ゴクリと不気味な音がして、突然、後ろから肩を掴まれた。
ぼくは心臓が跳ね上がり、ハッとして薄暗い廊下を振り返った。
かなり疲れたような真っ青な顔の羽良野先生が立っていた。
服装はボロボロで、元はスーツ姿だったはずが、今は見る影もない。
「歩くん。逃げていいのよ。村の人たちは私が説得します」
羽良野先生は真っ青な顔だけど、優しい学校の先生に戻っていた。
「羽良野先生? 一体何が起きているの? ぼくの家の裏の畑でバラバラにされても生きている子供たちはどうしたの? もうこの世にはいないの?! ぼくは今まで独りぼっちだった! 誰も助けてくれないんだ! 今までは空想の世界で、なんとか生きてきた……。 でも、もう無理! 誰も助けてくれない!この悪夢をなんとかして!」
ぼくは大粒の涙を流して、目の前の羽良野先生に訴えた。
ぼくは一人だった。
今まで事件の話をしたこともない。
一人だけの捜査だったんだ。
「ほれほれ、ほれほれほれほれ」
「ほれほれ、どこいった?」
硬質な声が近づいていた。
「歩くん……」
大原先生は優しい顔が急に苦悶の表情になりだしたが、ぼくに白い液体の入った瓶を渡した。

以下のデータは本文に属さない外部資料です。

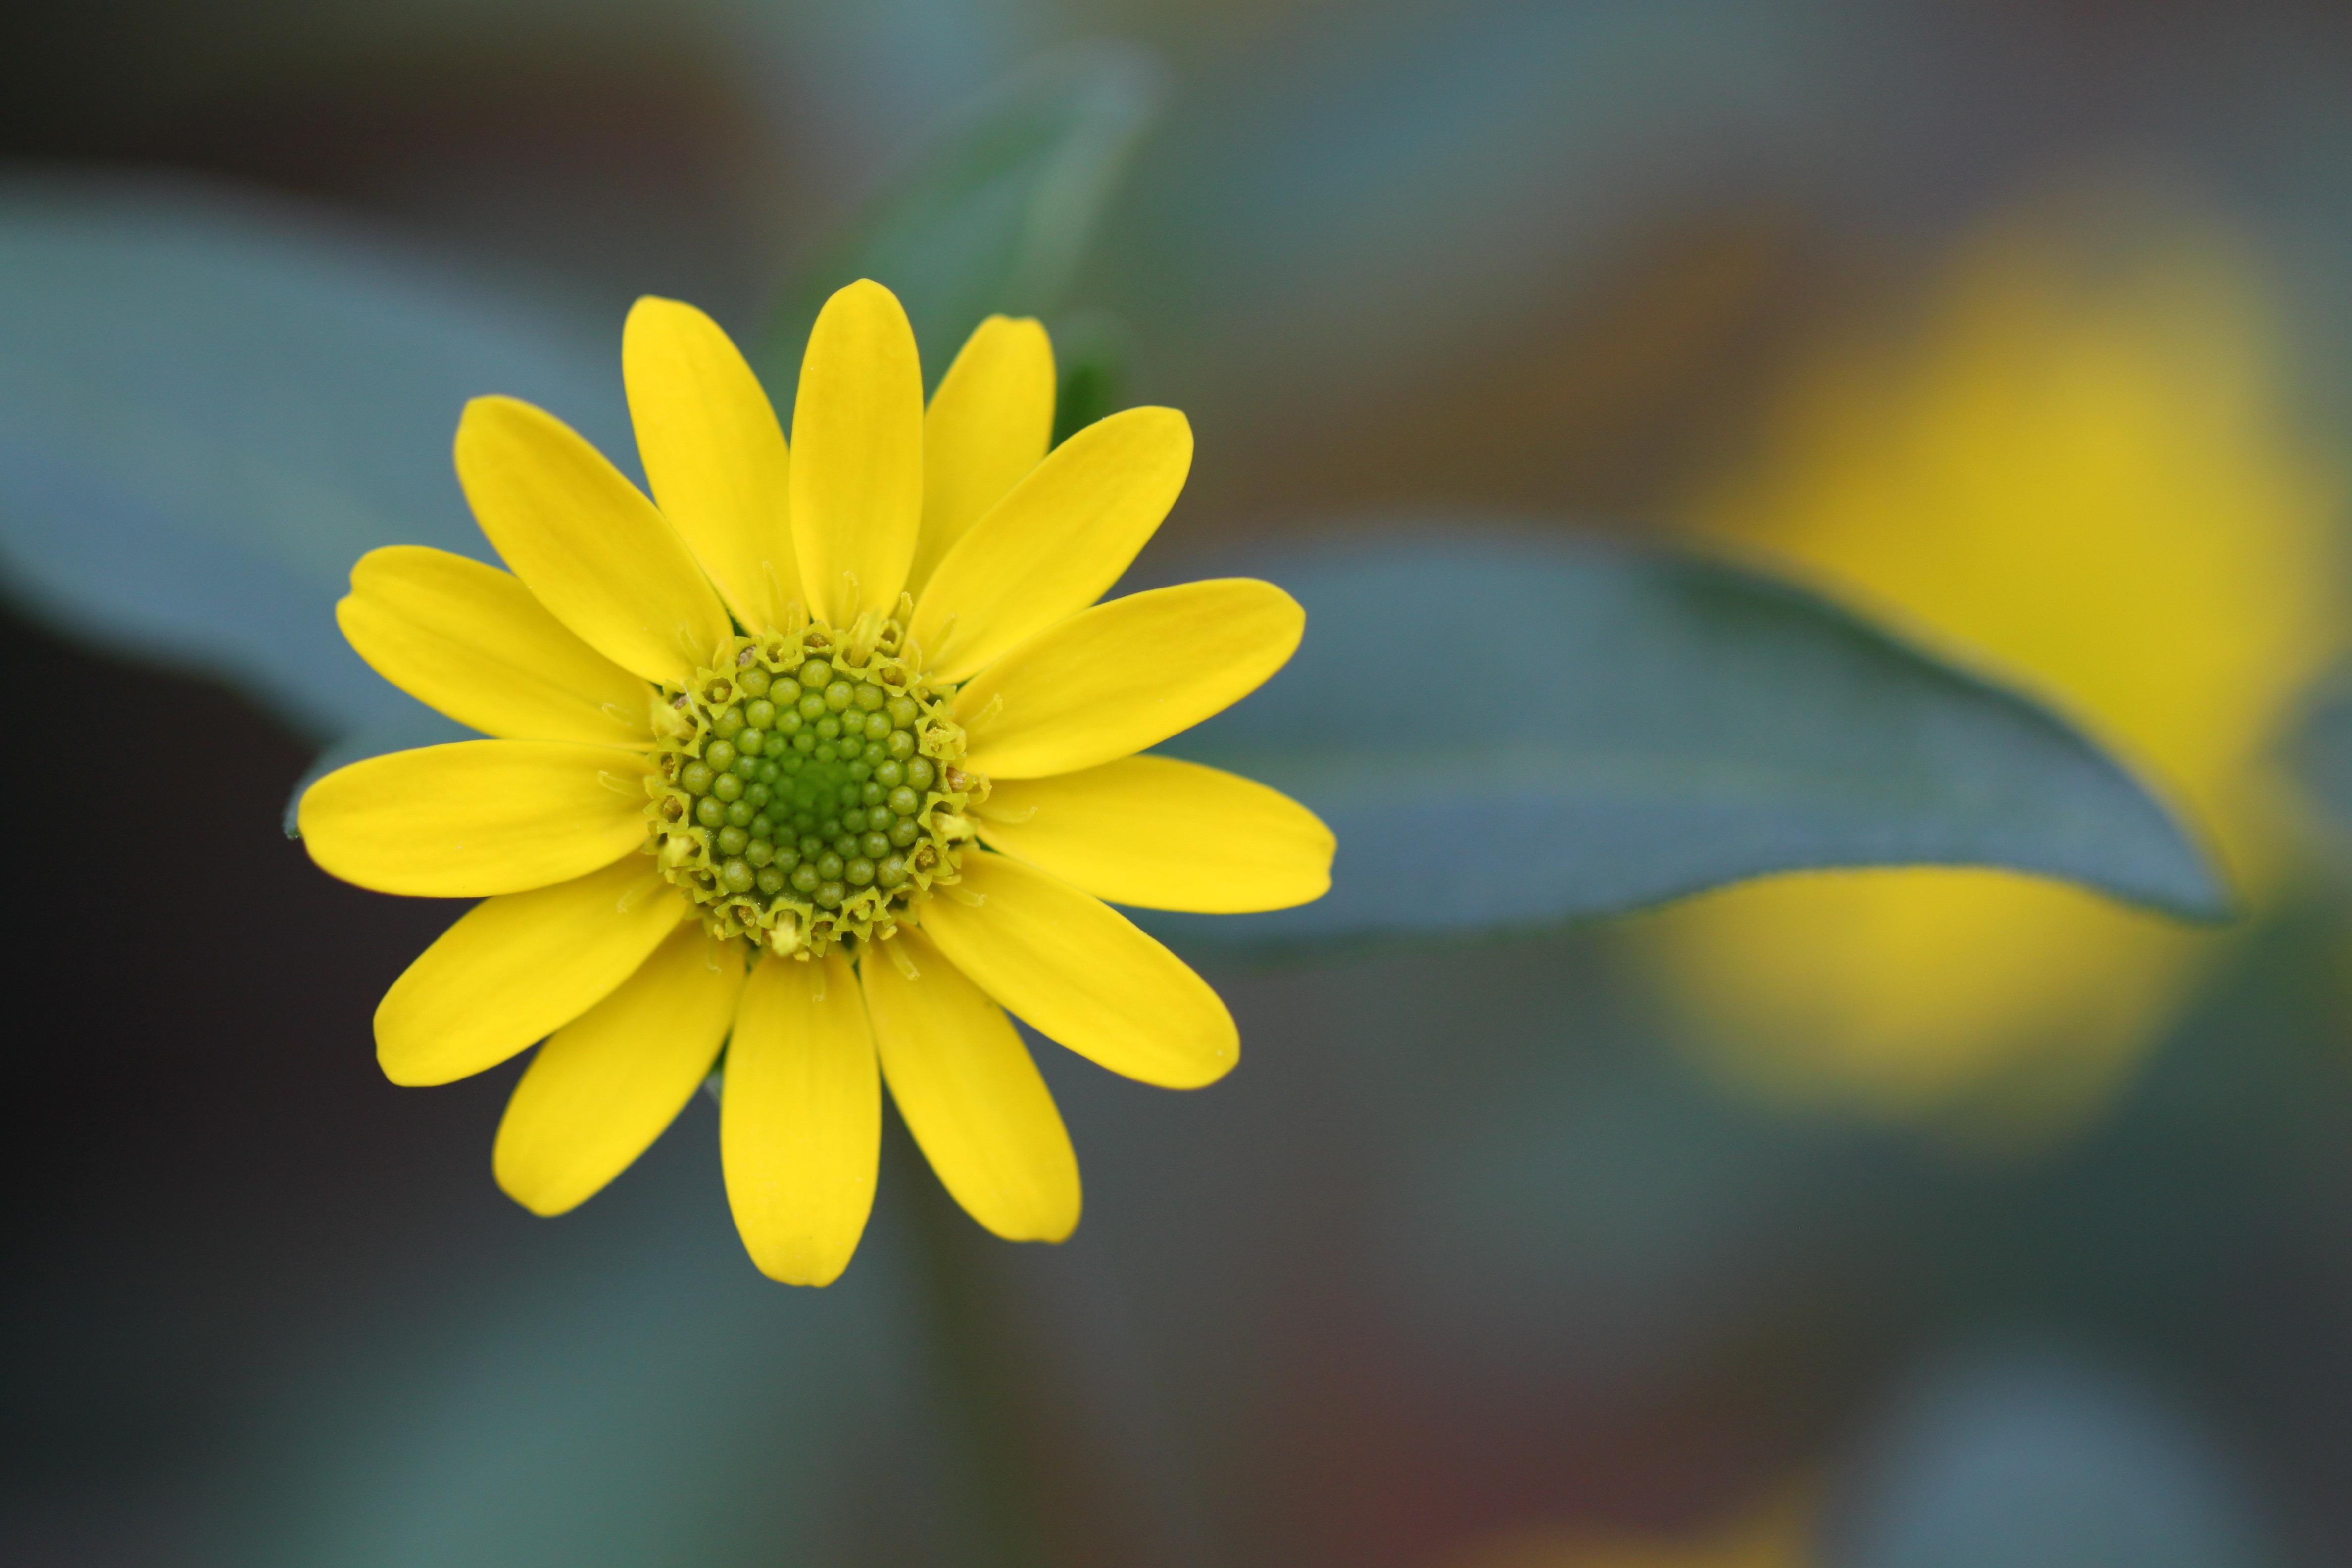 природа крупный план цветы желтые nature large plan flowers yellow без смс

「後にして……。あなたは強い子よ……。その瓶の中身を飲みなさい。村の人たちは私が説得します……。でも、もう村の為じゃない……」
羽良野先生は後ろを向いて、ゆっくりと歩き出した。
エレベーターの扉が開いていた。
ぼくは真っ暗な箱に入ると、自然に大粒の涙を零していた。でも、勇気を振り絞って一階のボタンを押す。
「怖くない。怖くない……。ここはテレビ番組の中だ。そして、ぼくは心霊スポットの番組に出演しているんだ。羽良野先生も、硬質な声の人たちもぼくを驚かすための。たんなる役者だよ」
そう自分に言い聞かせて空想を信じてみると、涙が引いてきた。
エレベーターの降下音と共に、羽良野先生と硬質な声の人たちの声が聞こえる。